# [Exercise brief]
Using the records that appear below, write out exactly the lines from the one with "Live Shop URL" through the one with "How to Shabby", keeping both end lines.

# [Given information]

——————

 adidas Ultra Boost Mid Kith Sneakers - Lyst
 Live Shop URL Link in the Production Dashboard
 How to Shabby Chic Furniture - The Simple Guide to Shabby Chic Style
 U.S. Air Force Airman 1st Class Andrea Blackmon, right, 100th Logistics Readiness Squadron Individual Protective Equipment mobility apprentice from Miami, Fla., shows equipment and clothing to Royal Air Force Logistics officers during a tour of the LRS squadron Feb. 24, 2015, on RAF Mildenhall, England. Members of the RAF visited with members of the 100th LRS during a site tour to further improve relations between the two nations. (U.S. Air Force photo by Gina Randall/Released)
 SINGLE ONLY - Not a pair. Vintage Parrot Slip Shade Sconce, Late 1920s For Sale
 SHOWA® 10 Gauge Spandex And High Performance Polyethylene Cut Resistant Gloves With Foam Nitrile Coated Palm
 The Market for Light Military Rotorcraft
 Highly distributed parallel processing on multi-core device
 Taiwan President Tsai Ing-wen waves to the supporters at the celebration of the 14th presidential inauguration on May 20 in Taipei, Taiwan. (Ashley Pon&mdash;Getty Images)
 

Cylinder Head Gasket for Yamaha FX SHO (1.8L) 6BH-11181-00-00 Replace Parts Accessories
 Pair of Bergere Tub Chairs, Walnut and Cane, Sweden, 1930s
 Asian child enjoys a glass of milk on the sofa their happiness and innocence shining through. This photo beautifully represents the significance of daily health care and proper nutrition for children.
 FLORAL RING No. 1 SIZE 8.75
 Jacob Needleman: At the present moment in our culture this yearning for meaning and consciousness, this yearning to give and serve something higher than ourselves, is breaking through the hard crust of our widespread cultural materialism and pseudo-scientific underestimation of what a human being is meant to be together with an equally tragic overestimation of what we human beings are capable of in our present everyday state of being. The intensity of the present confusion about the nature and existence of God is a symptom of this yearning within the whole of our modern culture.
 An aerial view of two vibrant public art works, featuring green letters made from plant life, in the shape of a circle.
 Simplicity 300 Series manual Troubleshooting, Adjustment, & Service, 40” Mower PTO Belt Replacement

——————

# [Response to the task]
 Live Shop URL Link in the Production Dashboard
 How to Shabby Chic Furniture - The Simple Guide to Shabby Chic Style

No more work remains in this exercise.